A faith that thinks God is responsible for our unemployment, and He could have and should have prevented it, needs to grow up. It has too small a God. Faith may lift us out of depression, or put us into depression. Faith may be either healthy or unhealthy.
We can reach, while we are out of work, toward a larger conception of our God and of ourselves. For, “to believe in God” has the power to lift us out of depression, unless our God is too small.
The question today is not “do you believe in God” (91 percent in America say they do, and 55 percent of all Americans say they consider their belief in God to be “a very important part of their lives,” while 90 percent of all Americans categorized their faith as “fairly important”—according to a series of Gallup polls, in which there has been little change since the late 1960s).

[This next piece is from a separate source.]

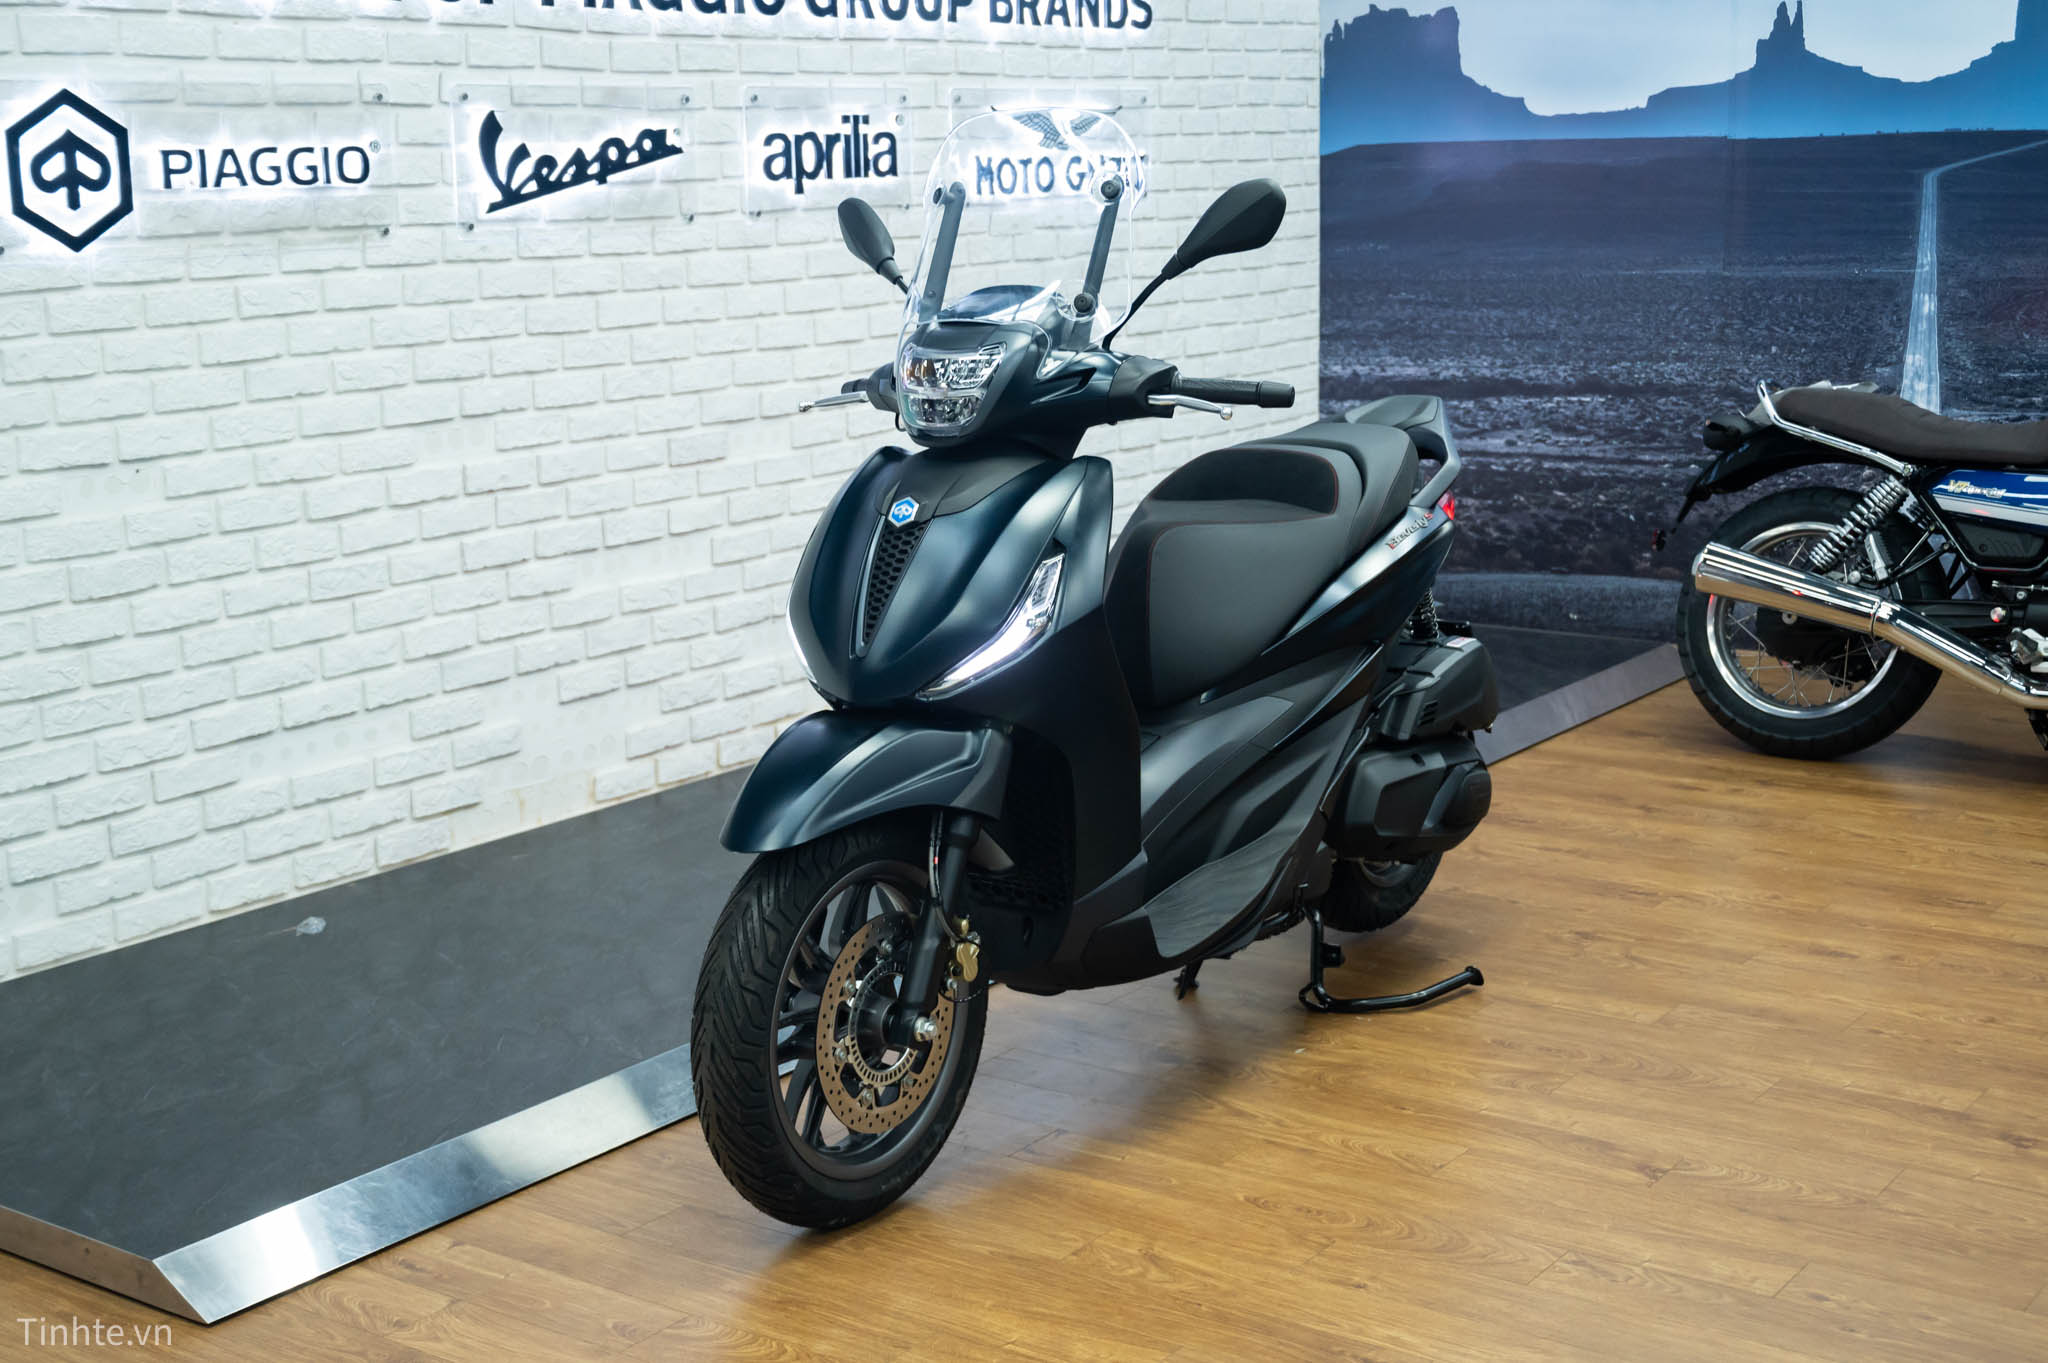 PIAGGIO BEVERLY 300 2011on Review  Specs  Prices  MCN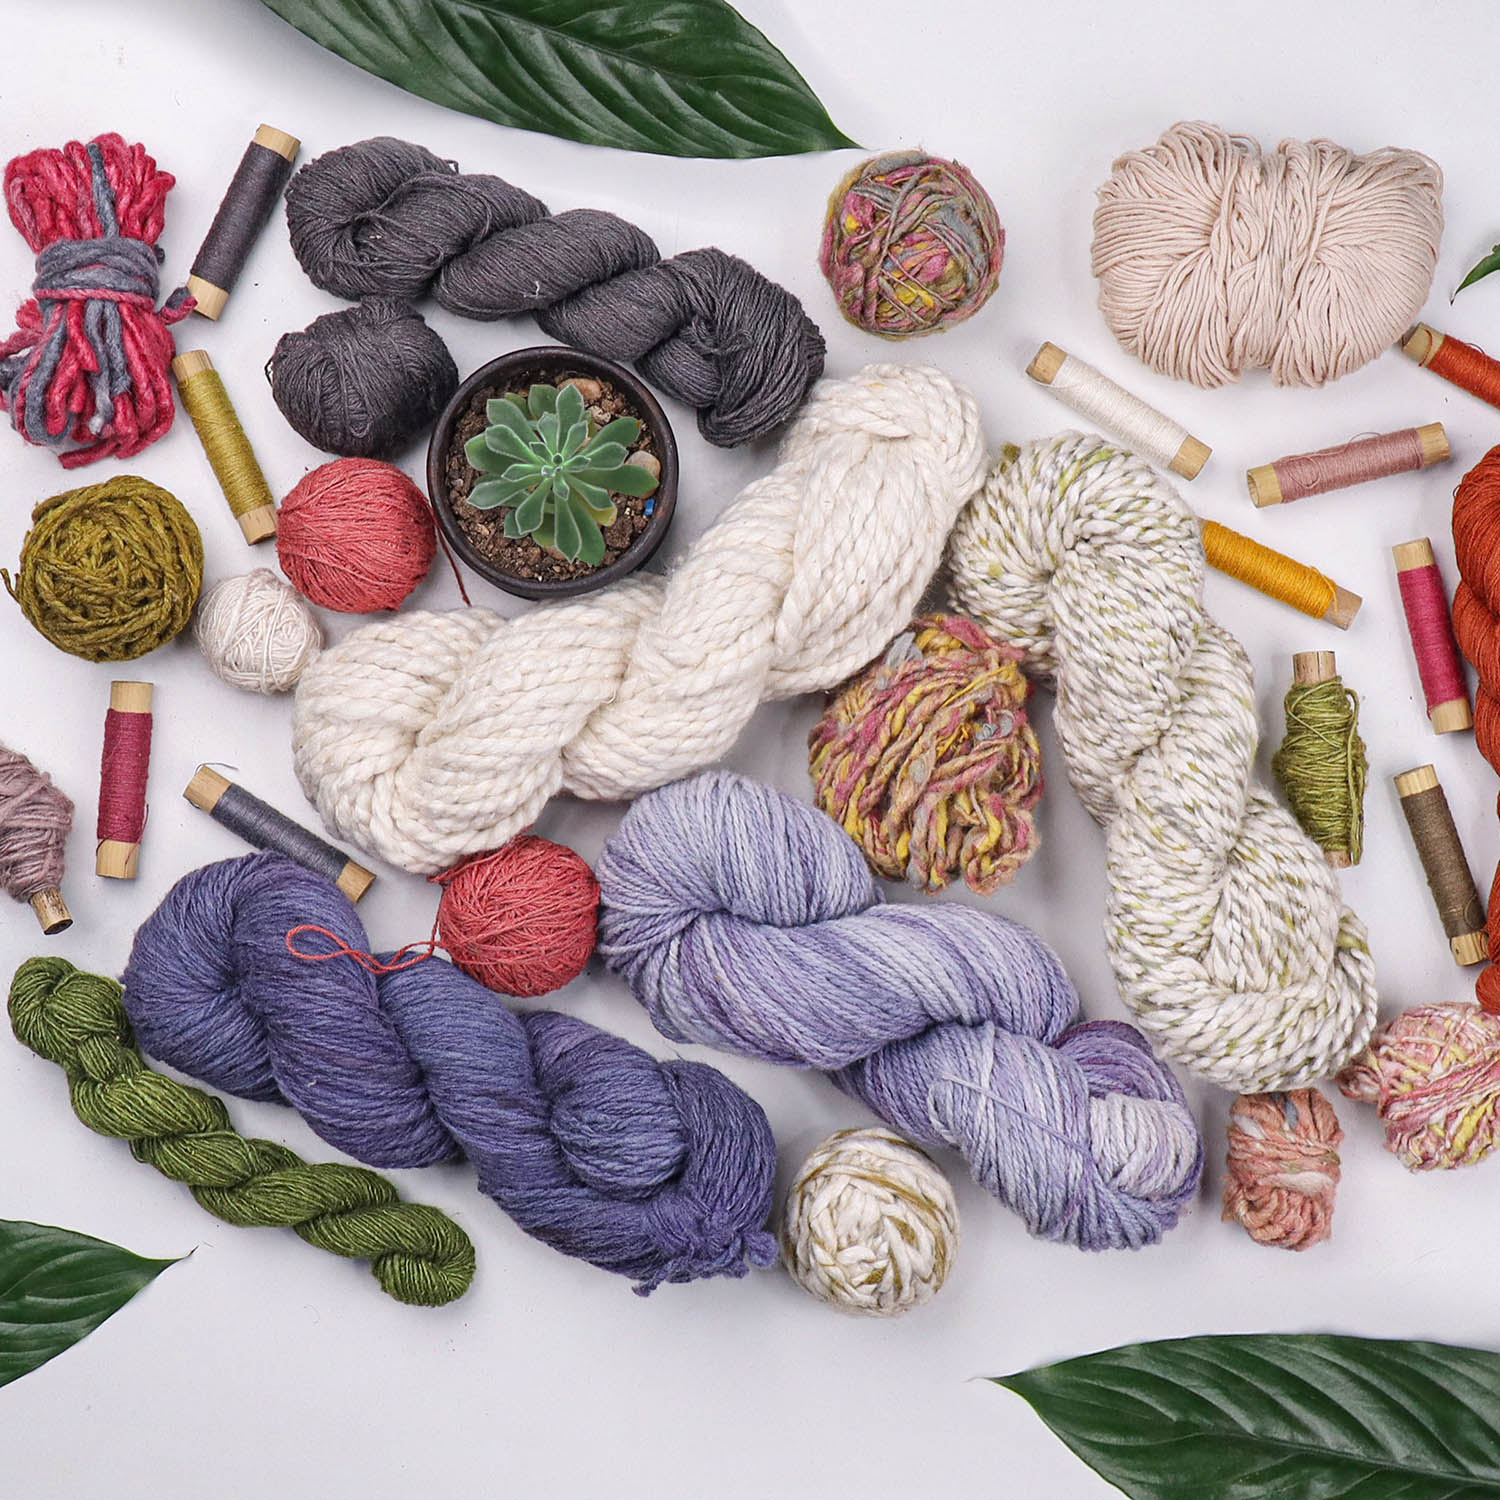 How to Select Yarn For Knitting? How to Select Yarn For Crochet? – Muezart  India

No, the real question today is: “Do your beliefs make you healthier or unhealthier?” Look at the chart on the next page.
Healthy Religion |
Unhealthy religion |
Is obsessed with gratitude |
Is obsessed with guilt |
Focuses on the presence of God in the world; sees holiness everywhere |
Focuses on the presence of evil in the world; sees contamination everywhere |
Sees all the world as “us” |
Sees all the world as “us vs. them” |
Is closely related to mental health with its emphasis on repentance (metanoia) or “Most of my ills are self-inflicted.” |
Is distantly related to mental illness (paranoia) or “Most of my ills stem from what others are doing ‘out there.’” |
Unconsciously exhibits humility |
Unconsciously exhibits arrogance |
Treasures the differences in others |
Wants everyone to be like them |
Has a high sense of “all the saints” worshiping God together |
Has a high sense of “the individual alone with his or her God” |
Believes in learning from others |
Believes in confronting others |
Renounces manipulation of others, and lets them have their own beliefs |
Desires to manipulate others into accepting their every belief |
Wants God’s forgiveness toward those who have harmed them or follow other gods; forgives readily |
Wants God’s vengeance toward those who have harmed them or follow other gods; often has low, long-simmering anger, masked beneath a smile |
Focuses on what one can give, out of faith; anxious to give others benefits |
Focuses on what one gets out of faith; anxious to get for themselves the benefits |
Faith is primarily a matter of actions; words are used only to interpret one’s actions |
Faith is primarily a matter of words used as tests or orthodoxy. Shibboleth and sibboleth. |
Is well aware that their faith may have some unhealthiness to it |
Doesn’t even dream their faith may be unhealthy |
If unemployment pushes us to rethink our faith, we should find not only our depression lifting, but also our understanding of faith increasing. That is a great gift. Depression is oftentimes a messenger bringing gifts, if only we open our eyes to see it.